When there's nothing else to do, people drink. I went to college at the top of Michigan's upper peninsula, and there was a running joke at my school, that there were only two ways out: You either drop out, or you graduate an alcoholic

[–] SlopppyEngineer 10 points 1 week ago

Why not both? One guy at school had to drop out because his liver was so damaged because of drinking.

[–] grue 3 points 1 week ago* (last edited 1 week ago) (1 children)

But there's red dots at a lot of the big cities (edit: at least in the South). That's the opposite of "nothing else to do."

[–] [email protected] 6 points 1 week ago (1 children)

You ever been in a big city in the South? They aren't the densely packed walkable and/or public transportation heavy big towns like New York or Chicago. The old parts of town that were designed before cars now have narrow densely trafficked streets paved through them with inadequate parking and no real "park here and take public transport in," nearly none of them have commuter rail, some might have bus services. The majority of the city is just heavy suburbs, miles upon miles of retail strip malls and tract housing.

Even when you compare places like Greensboro to places like Sanford, you start going "Well there's more brewpubs...which are bars. There's more restaurants...that serve alchohol. There's a comedy club...that serves alcohol. Greensboro is Sanford if Sanford had a functioning mall and a minor league baseball team. If you live there, at 6 pm on a given Thursday you can stay home or you can go out to a bar and that's about it.

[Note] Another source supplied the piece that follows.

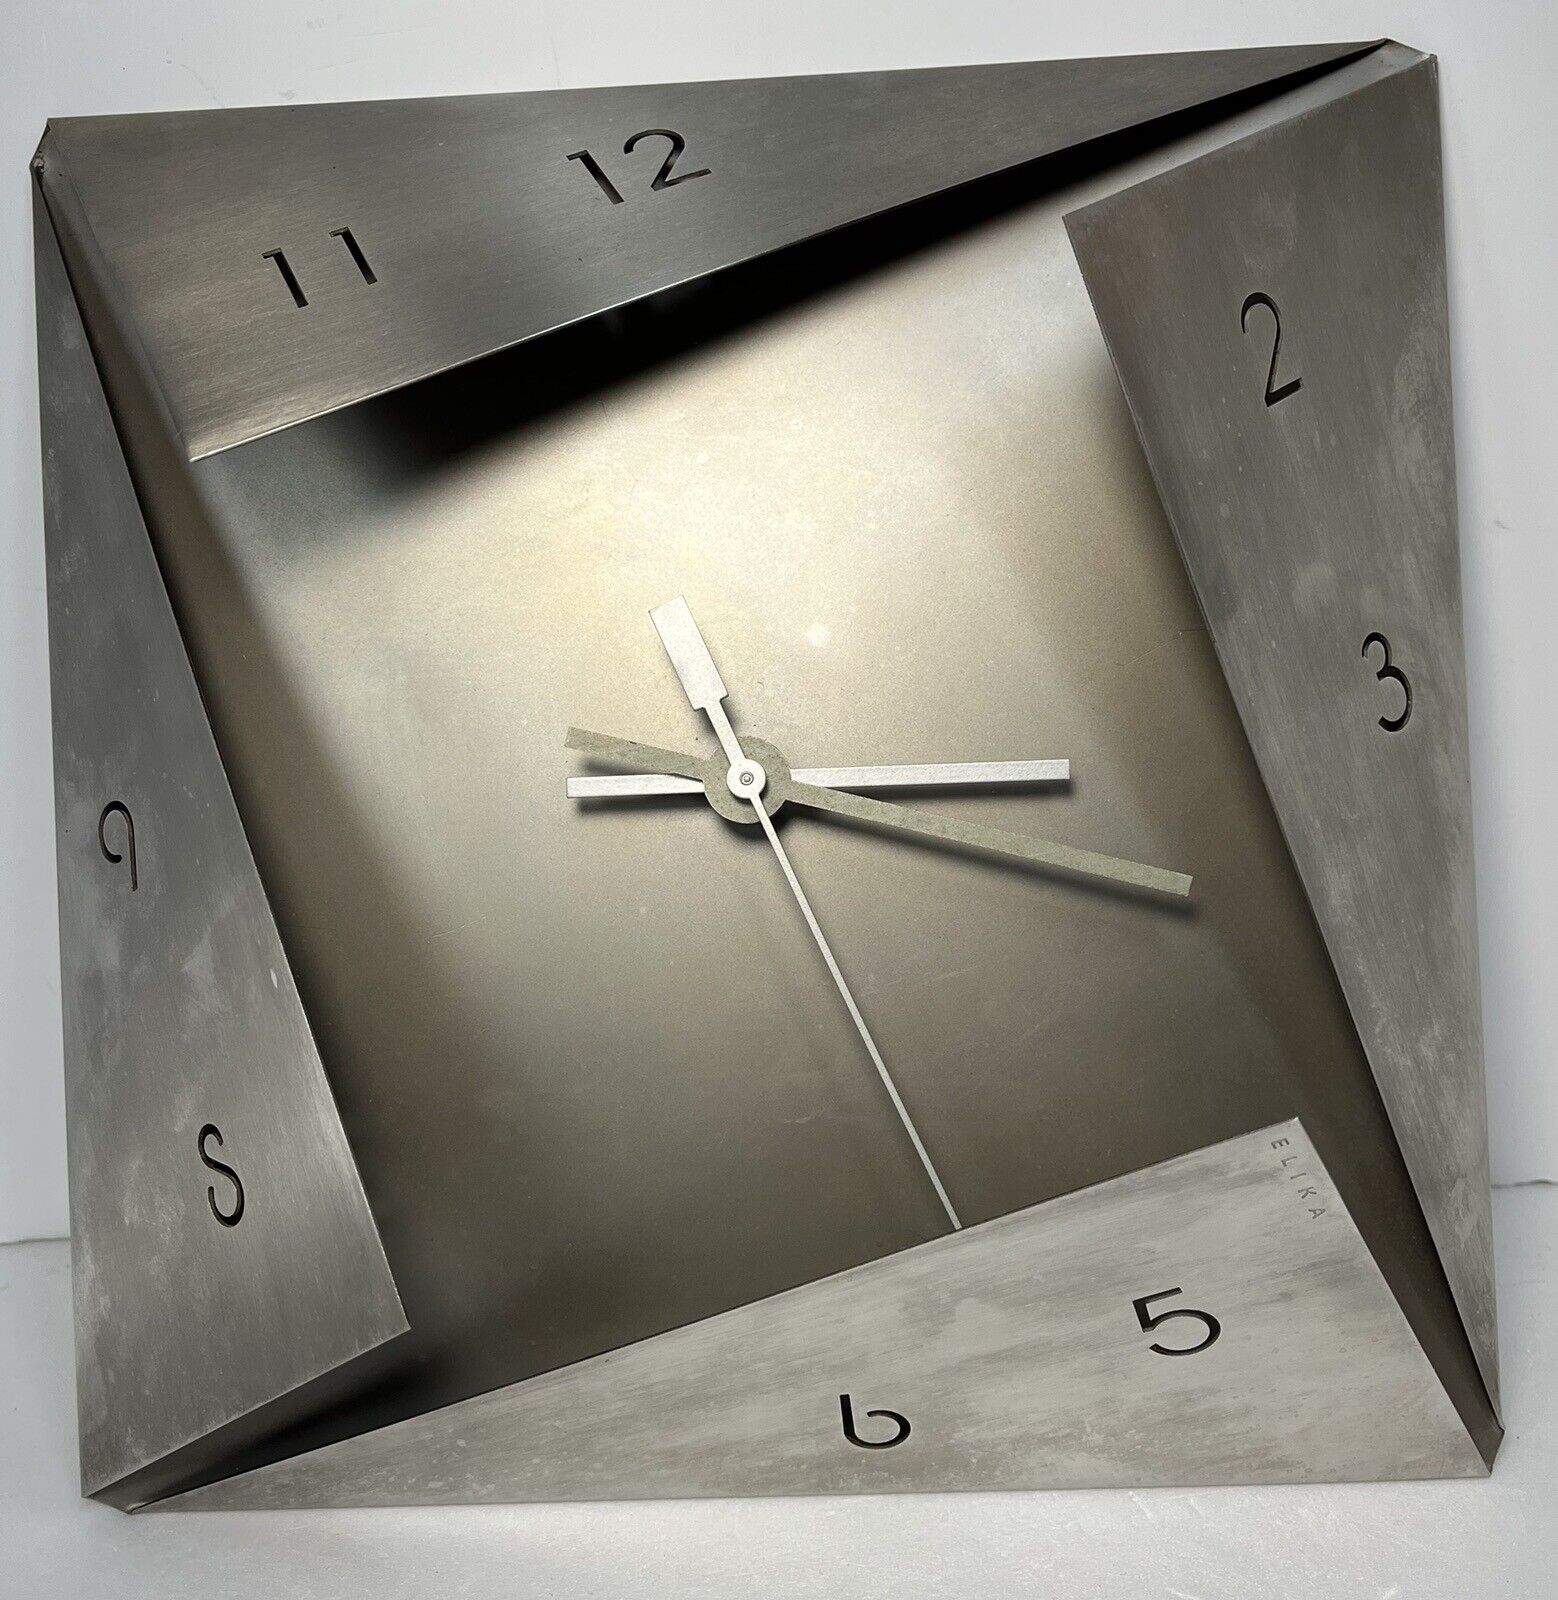 Laborious Wall Clock Constantin Boym for Elika Stainless Steel Petal ca. 1989
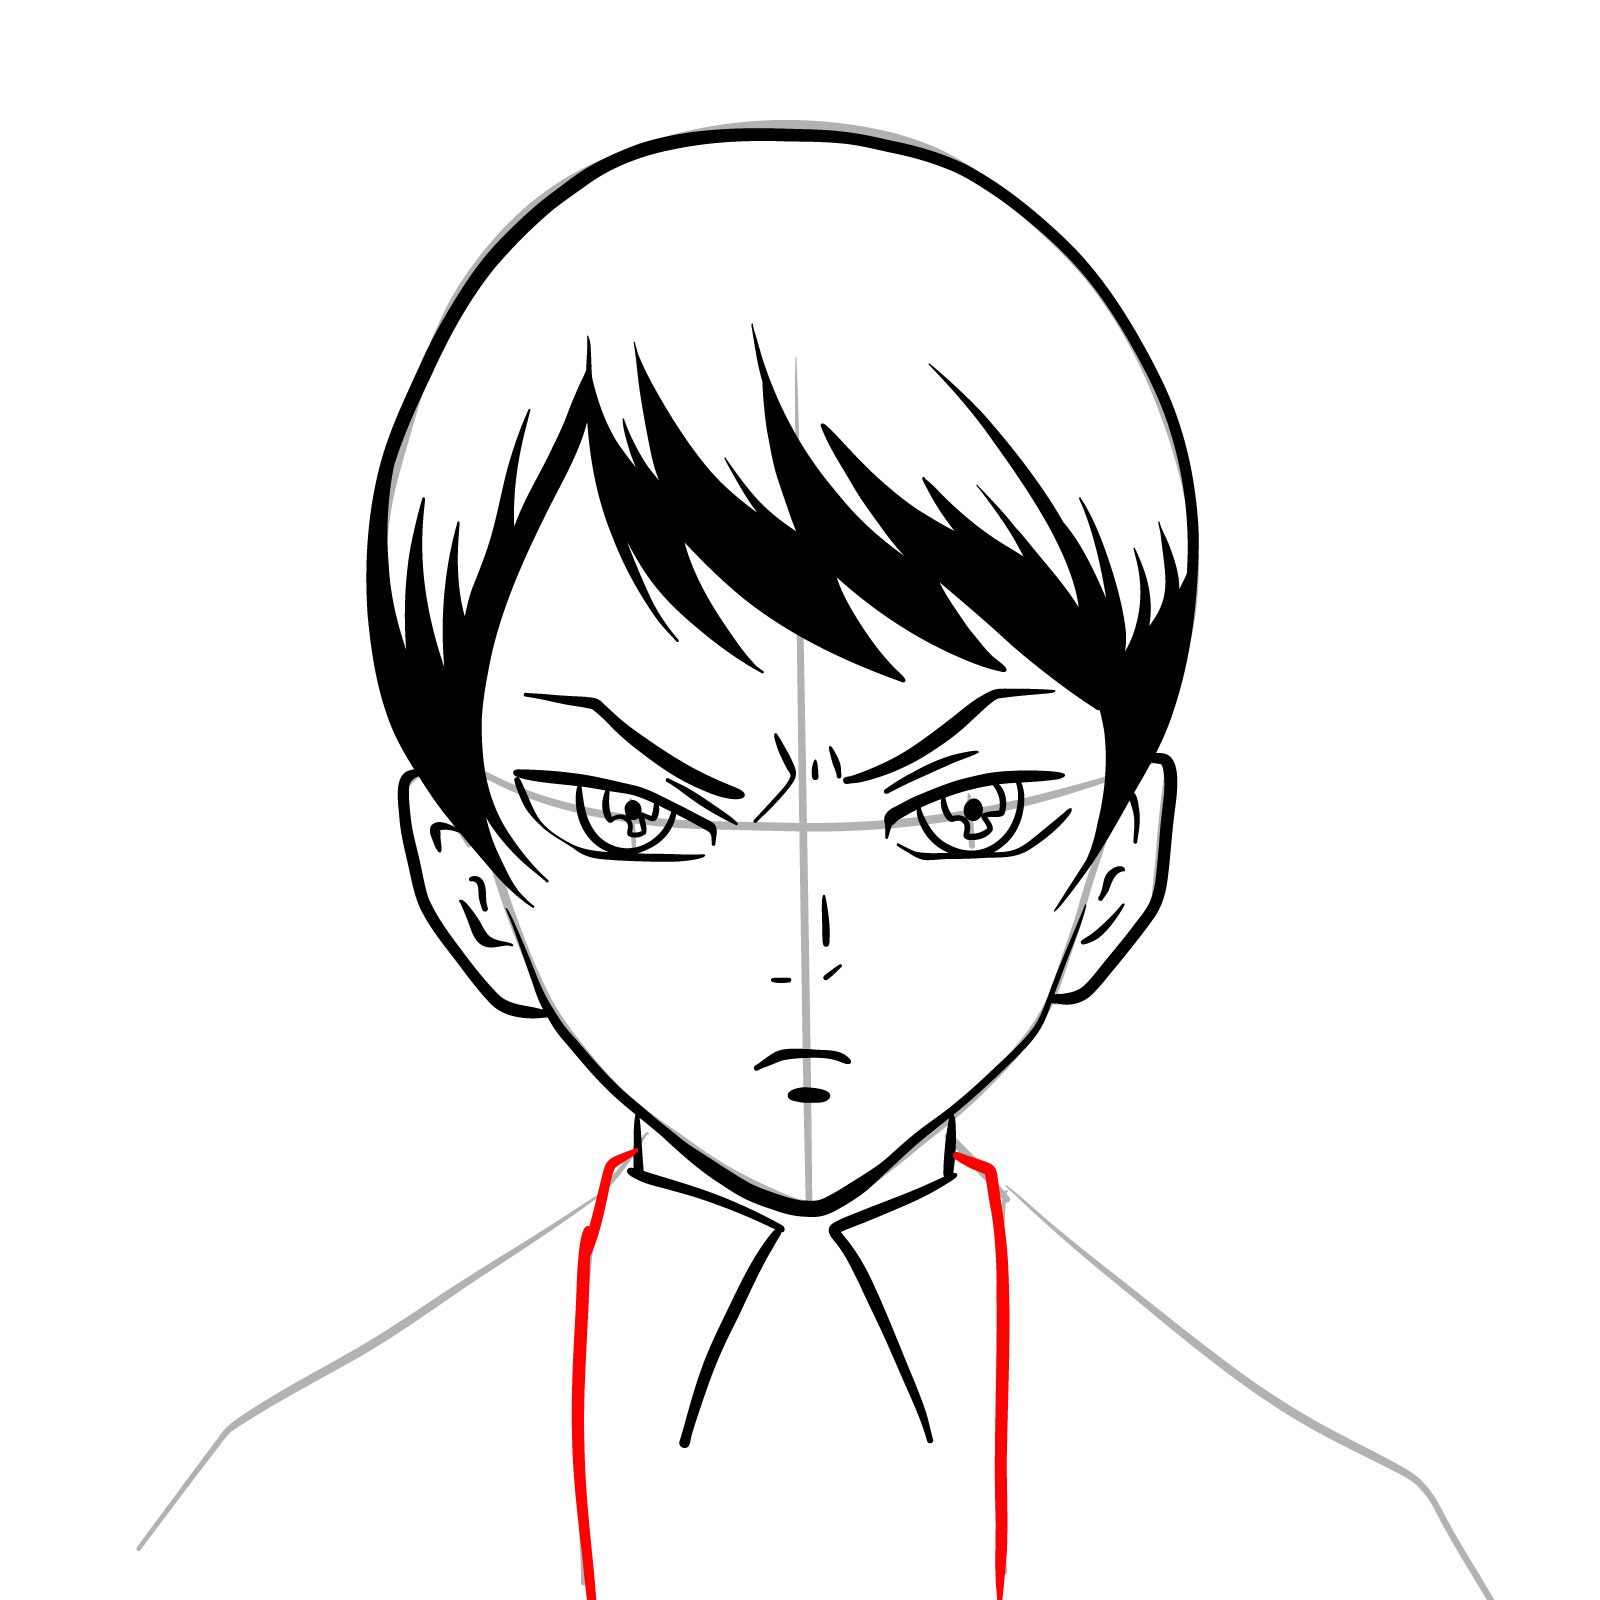 How to draw Yushiro's face from Demon Slayer - step 15

[–] grue 4 points 1 week ago* (last edited 1 week ago) (1 children)

You ever been in a big city in the South? They aren't the densely packed walkable and/or public transportation heavy big towns like New York or Chicago. The old parts of town that were designed before cars now have narrow densely trafficked streets paved through them with inadequate parking and no real "park here and take public transport in," nearly none of them have commuter rail, some might have bus services. The majority of the city is just heavy suburbs, miles upon miles of retail strip malls and tract housing.

-- an Atlantan

[–] [email protected] 2 points 1 week ago

Y'all too, huh?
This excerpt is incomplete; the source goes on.